ABUJA, NIGERIA, September 29, 2006 – The Friends of the Earth International award will be presented today to representatives of the Nigerian Iwherekan community for their victory in a court case in which they forced oil giant Shell to stop flaring gas in their community.

Media Advisory
29 September 2006
Friends of the Earth International

On April 11, 2006 a Nigerian High Court ordered Shell to provide detailed plans to stop gas flaring by May 2007, confirming a previous court order in favour of local resident Mr Jonah Gbemre and the Iwherekan community. These orders are a welcome victory for the mostly poor people affected by the wasteful and destructive practice of flaring in the oil-rich Niger delta.
The September 28-29 international conference on energy and climate change was organized in Abuja by Friends of the Earth International and Environmental Rights Action/Friends of the Earth Nigeria. [2]
Reverend Nnimmo Bassey, Executive Director of Environmental Rights Action/Friends of the Earth Nigeria, said: “We expected the judgment to be respected and that for once the oil corporations will bring their damaging and wasteful flaring activities to a halt.
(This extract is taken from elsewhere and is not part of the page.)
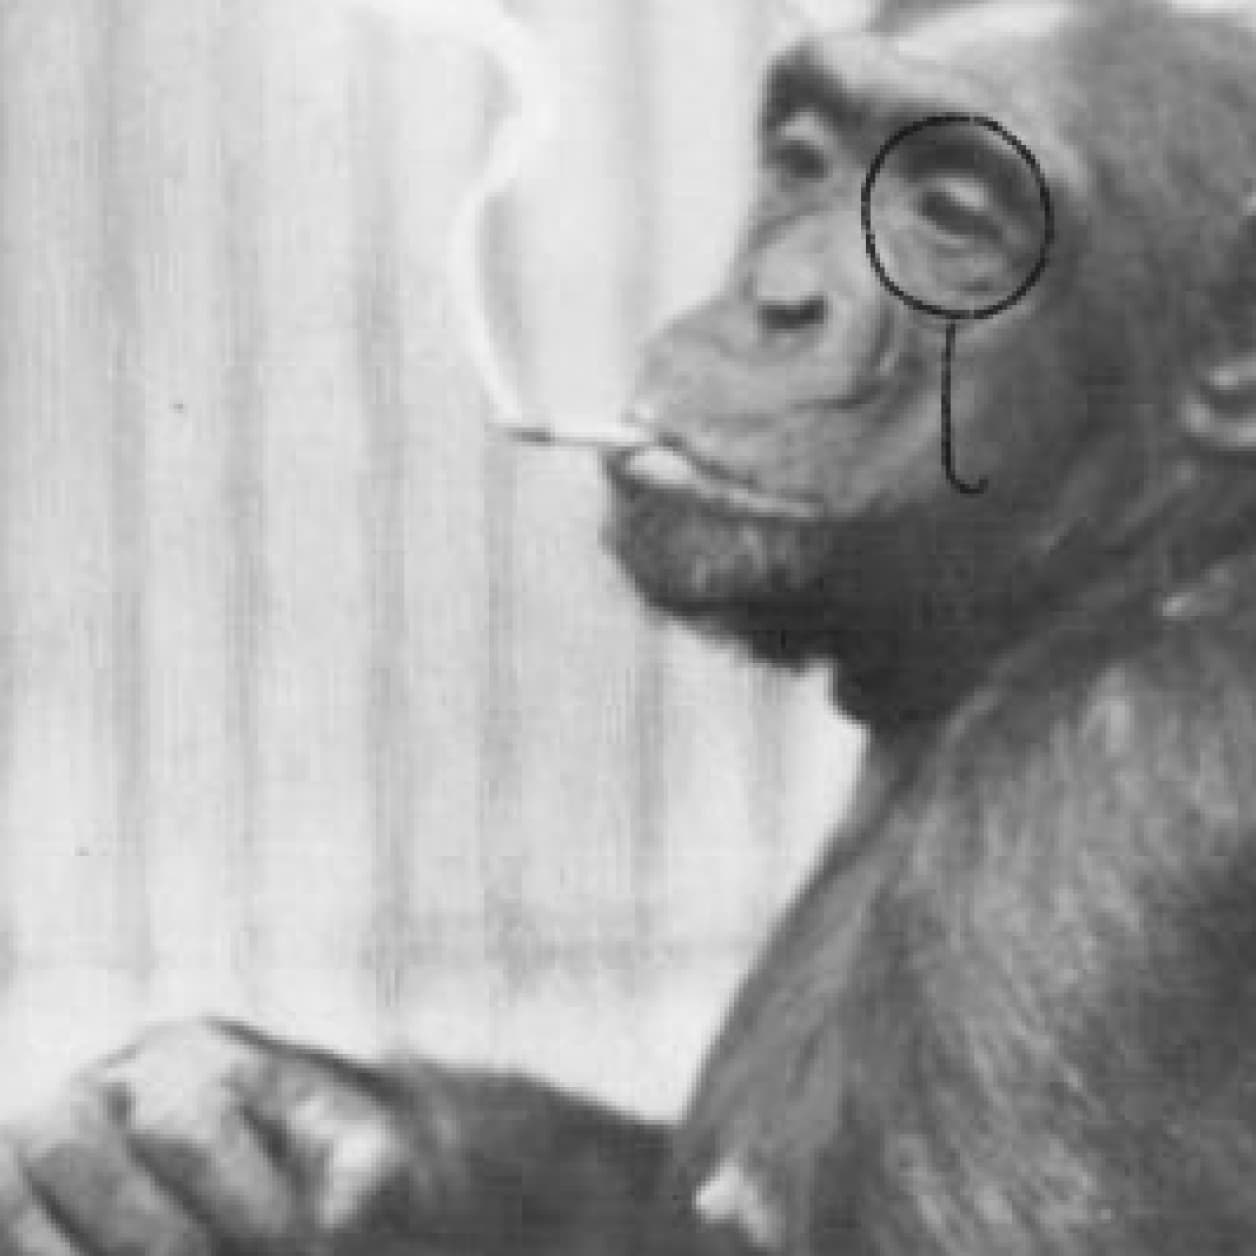 A monkey smoking a cigarette.

We are shocked that Shell is refusing to implement the order of the court and continues its harmful gas flaring.”
“Oil giant Shell was told twice now to stop gas flaring. Nevertheless, Shell plans to continue flaring until 2010. It is time that Shell starts to respect Nigerian law and stops breaching human rights in the Iwherekan community and in the rest of Nigeria,“ added Meena Raman, chair of Friends of the Earth International.
Nigeria has been the world’s biggest gas flarer, and the practice has contributed more greenhouse gas emissions than all other sources in sub-Saharan Africa combined, as well as poisoning localities with their toxic cocktail.
The practice costs Nigeria about US$2.5 billion annually, while about 66% of its population live on less than US$1 a day. Shell Nigeria has said that it does not plan to stop flaring before 2010.
For more information read the gas flaring report at https://www.foei.org/publications/pdfs/gasnigeria.pdf
IMAGES of gas flaring are available from http://www.foe.co.uk/resource/images/shell_nigeria_2006
for more information contact:
Environmental Rights Action/Friends of the Earth Nigeria:
Nnimmo Bassey, Executive Director Tel: +234 8037274395 (Nigerian mobile) or email nnimmo@eraction.org
Chima Williams, lawyer Tel: +234 80 388 59477 or +234 80 236 49890 (Nigerian mobile)

NOTES TO EDITORS
[1] The Friends of the Earth International award is presented bi-annually to a group or person who has made an exceptional contribution to the environmental movement. Friends of the Earth International (FoEI) is the world’s largest grassroots environmental federation with 71 national member groups in 70 countries and 1.5 million individual members and supporters. Environmental Rights Action/Friends of the Earth Nigeria is a Nigerian advocacy non-governmental organisation founded in 1993 and focused on environmental and human rights issues in Nigeria.
[2] The Sept 28-29 Abuja conference on “Minimizing climate change impacts and curbing global energy chaos” is attended by around 100 international participants and addressed the following themes: Energy Crisis and Sustainable Resource Management; Affirming Energy Rights and National Sovereignty; The Unending Crisis in the Niger Delta; Trials and Tribulations of Challenging Corporate Control and Abuse of Energy Resource; Alternative Sources of Clean Energy.